Hunter kills therapy dog during hike with trainer
An animal trainer in Canada was standing just 10 feet away from her therapy dog when a hunter shot and killed the pooch during their regular hike in the woods.
“Today my dog, my partner, was killed at point blank,” Valley Calderoni wrote in a heartfelt Facebook post following the tragedy.
Calderoni and colleague Markie Blackburn from Canine Valley, an animal rehabilitation center, were wrapping up their regular hike with the dog, Kaoru, and nine other dogs near lake Lucille, in British Colombia, on Monday when they heard a loud bang.
“It was so loud, my instinct made me crouch down,” wrote Calderoni.
She looked up to find her 4-year-old Tamaskan dog covered in blood.
“All I can see is my dog getting shot — her face, her eyes looking at me with absolute disbelief,” Calderoni told CBC. “I held her and I told her to go, just go, and she died.”
The hunter, a local resident whose name was withheld, allegedly mistook Kaoru for a wolf, Calderoni wrote on Facebook.
He stayed on the scene until conservation officers arrived.
“He was completely cooperative with the investigation,” conservation officer Kent Popjes told CBC. “It appears to be an error in judgment.”
No charges have been filed but an investigation is ongoing. It’s legal hunting season for mule deer and black bears, according to conservation officers. Wolves sometimes roam the area, but not where Calderoni walked with her dogs.

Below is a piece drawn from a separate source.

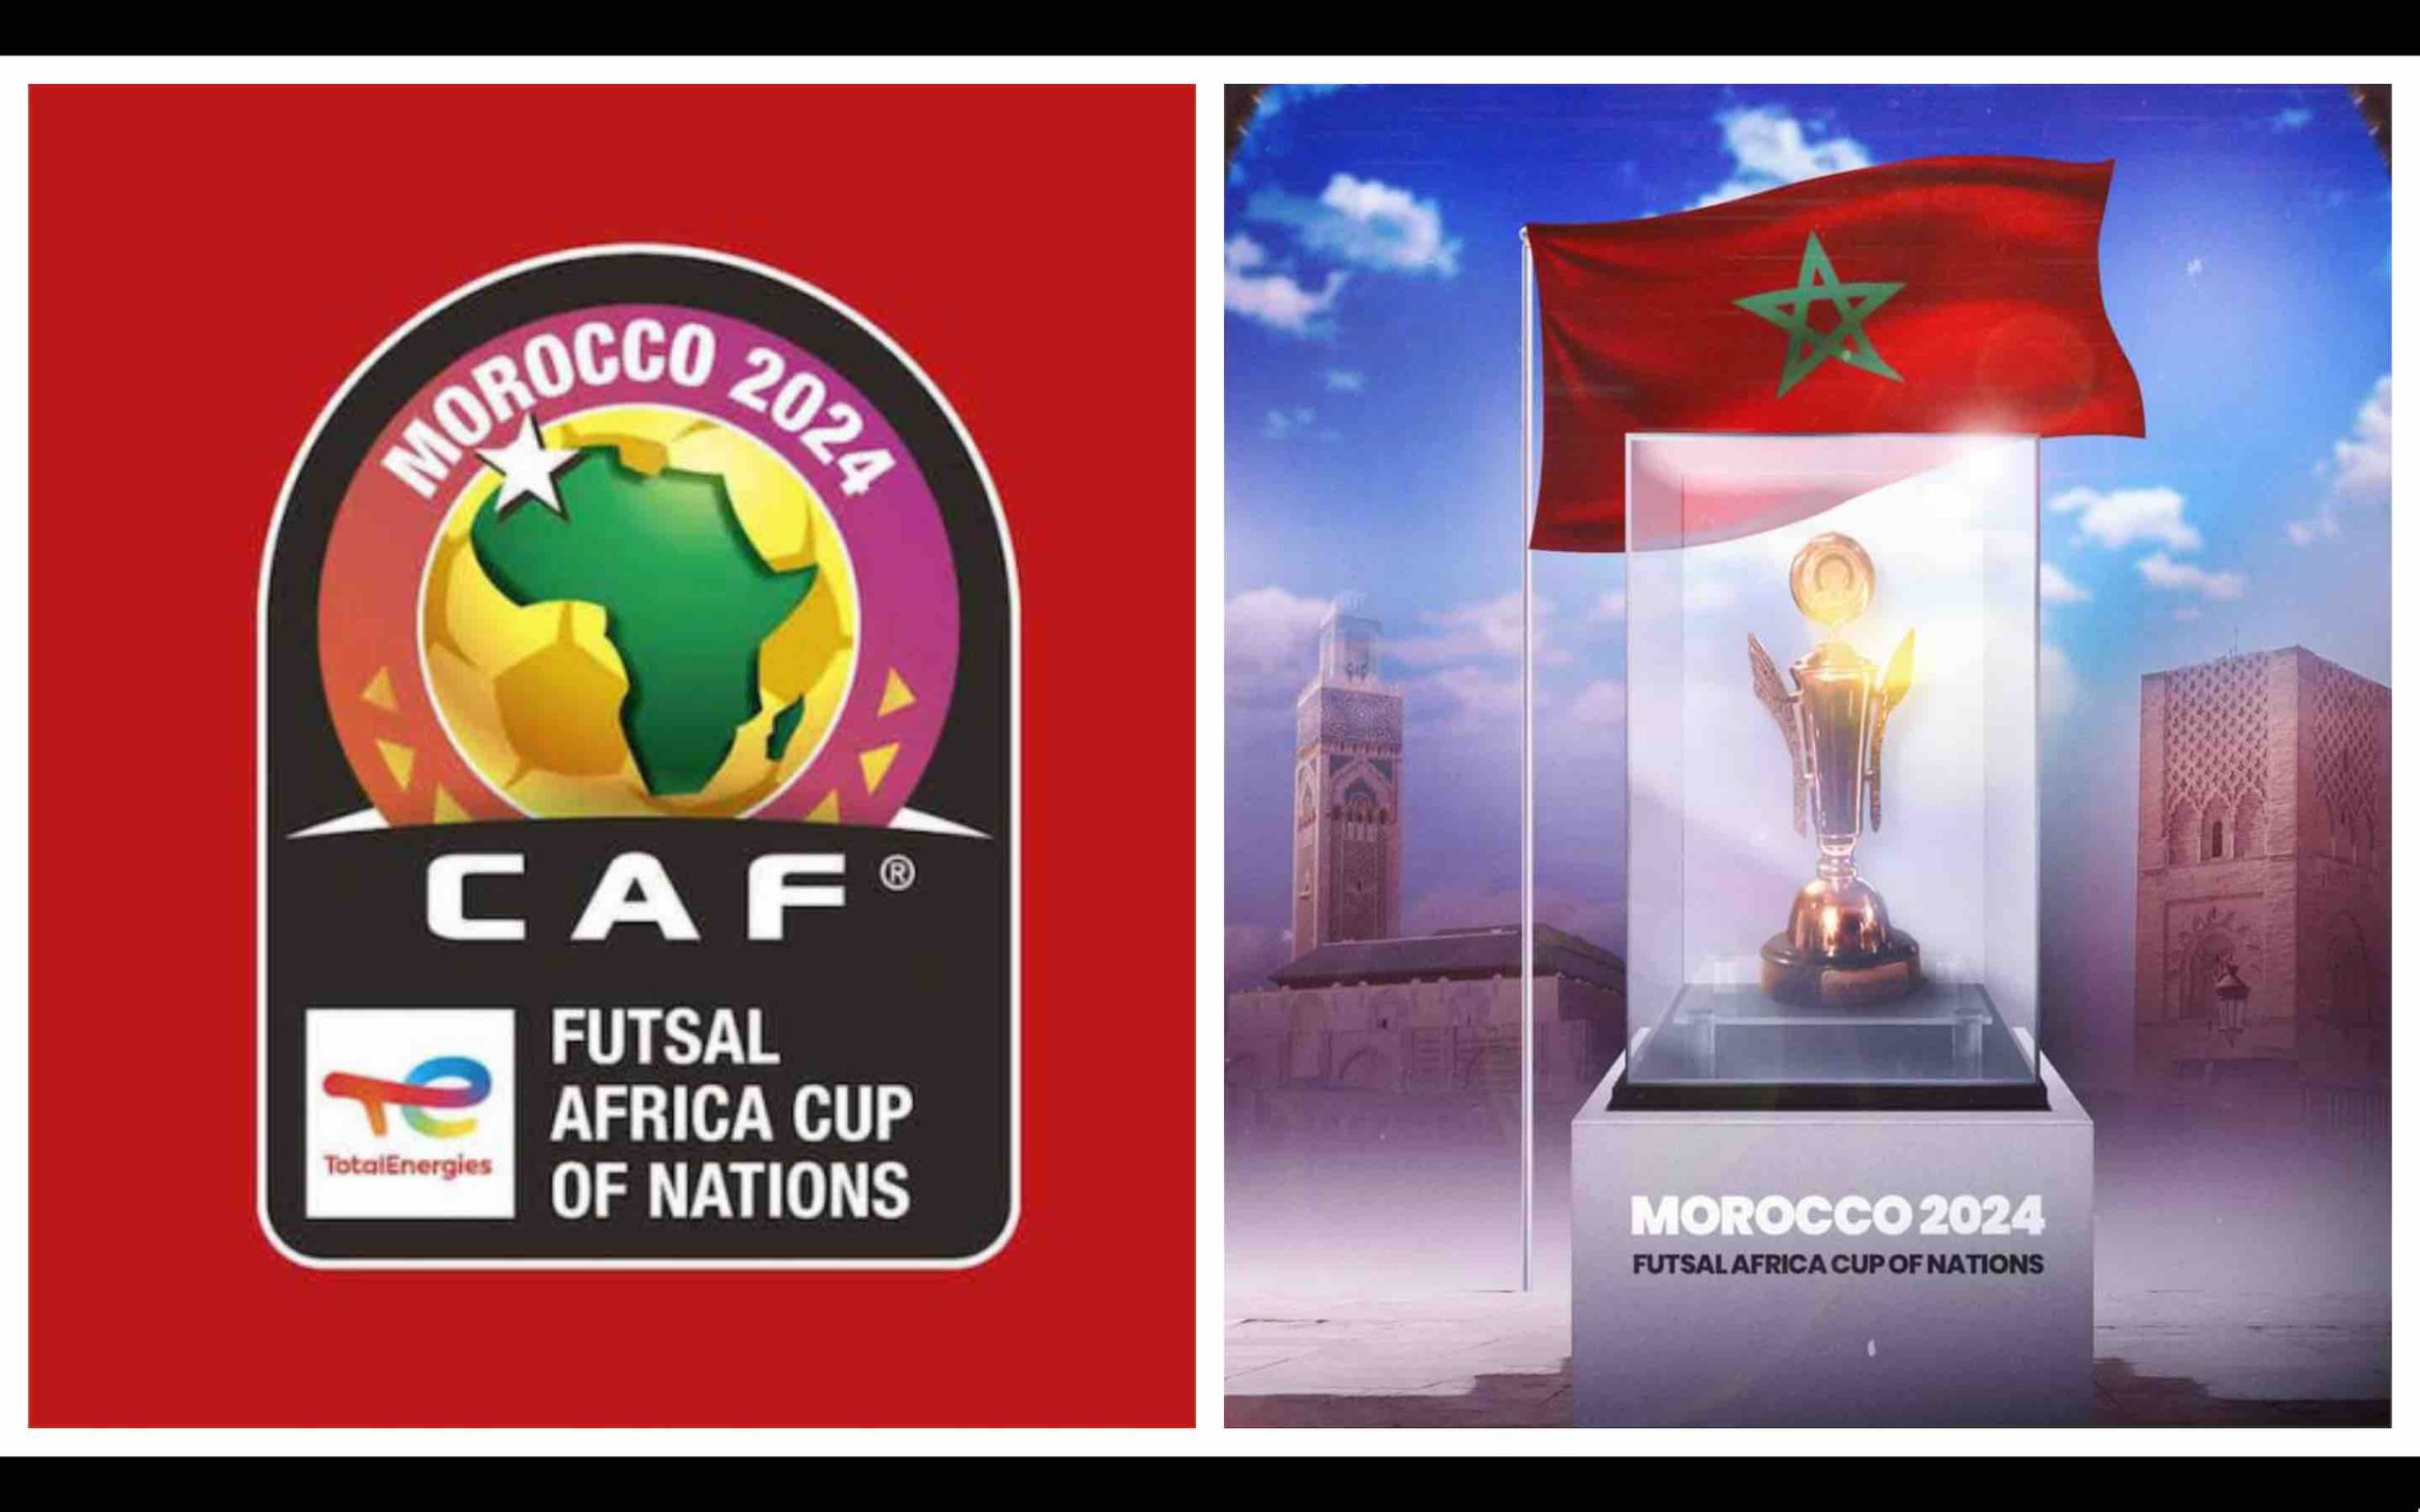 CAN futsal Maroc 2024 Coupe d'Afrique des nations Morocco Africa Cup Of Nations

“We could have died. I hike in that location with kids all the time, could you imagine if a child had to experience that or worse if he had hit a child,” Calderoni wrote of the encounter.

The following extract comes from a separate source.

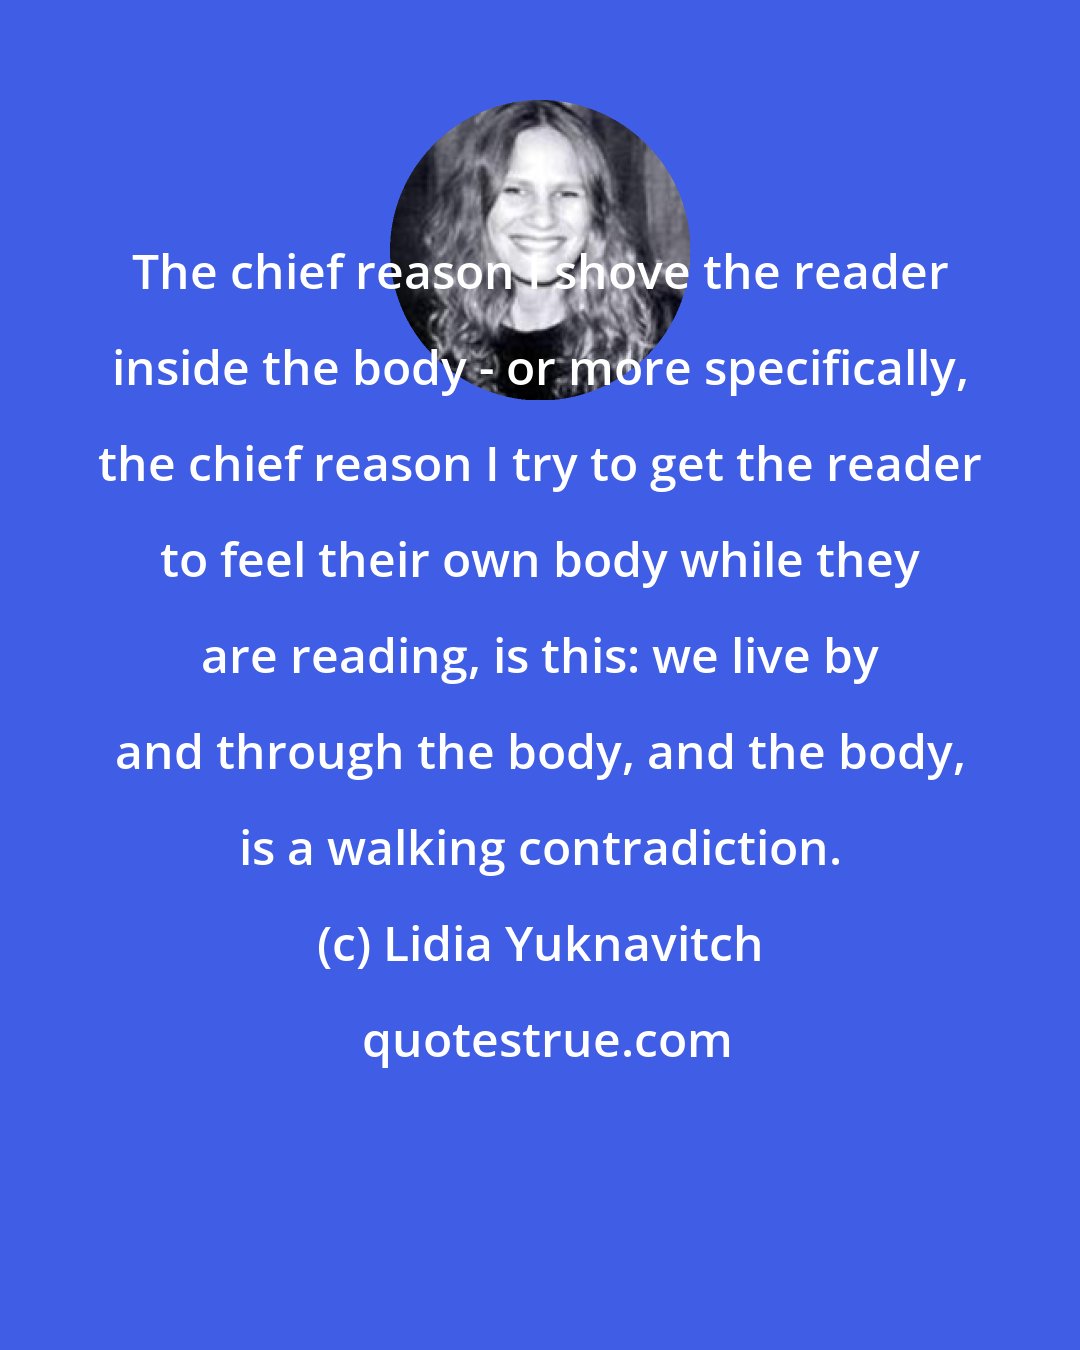 Lidia Yuknavitch: The chief reason I shove the reader inside the body - or more specifically, the chief reason I try to get the reader to feel their own body while they are reading, is this: we live by and through the body, and the body, is a walking contradiction.

Calderoni – who adopted Kaoru when she was a puppy – spent thousands of hours training the dog to work with special needs children and adults with emotional problems.
“The most beautiful thing I ever saw Kaoru do was when she was working with Autistic children,” she wrote.
“These beautiful kids have episodes and would sometimes be rough with her, but Kaoru was amazing and followed her training perfectly. She would squint her eyes, lay down, and let out a sigh, the kids then would slowly begin to calm down as their hands crunched tightly on Kaoru’s fur.”
Calderoni started a GoFundMe page to raise the money needed to train another service dog, as well as start a campaign to extend the no-hunting zone to include the area she frequently walked Kaoru.
“I am in pain and I want to use this intense pain to help stop this, we can take a stand, we can change things. Please join us on our campaign KAORU’S SPIRIT TRAIL,” she wrote on the fundraising page.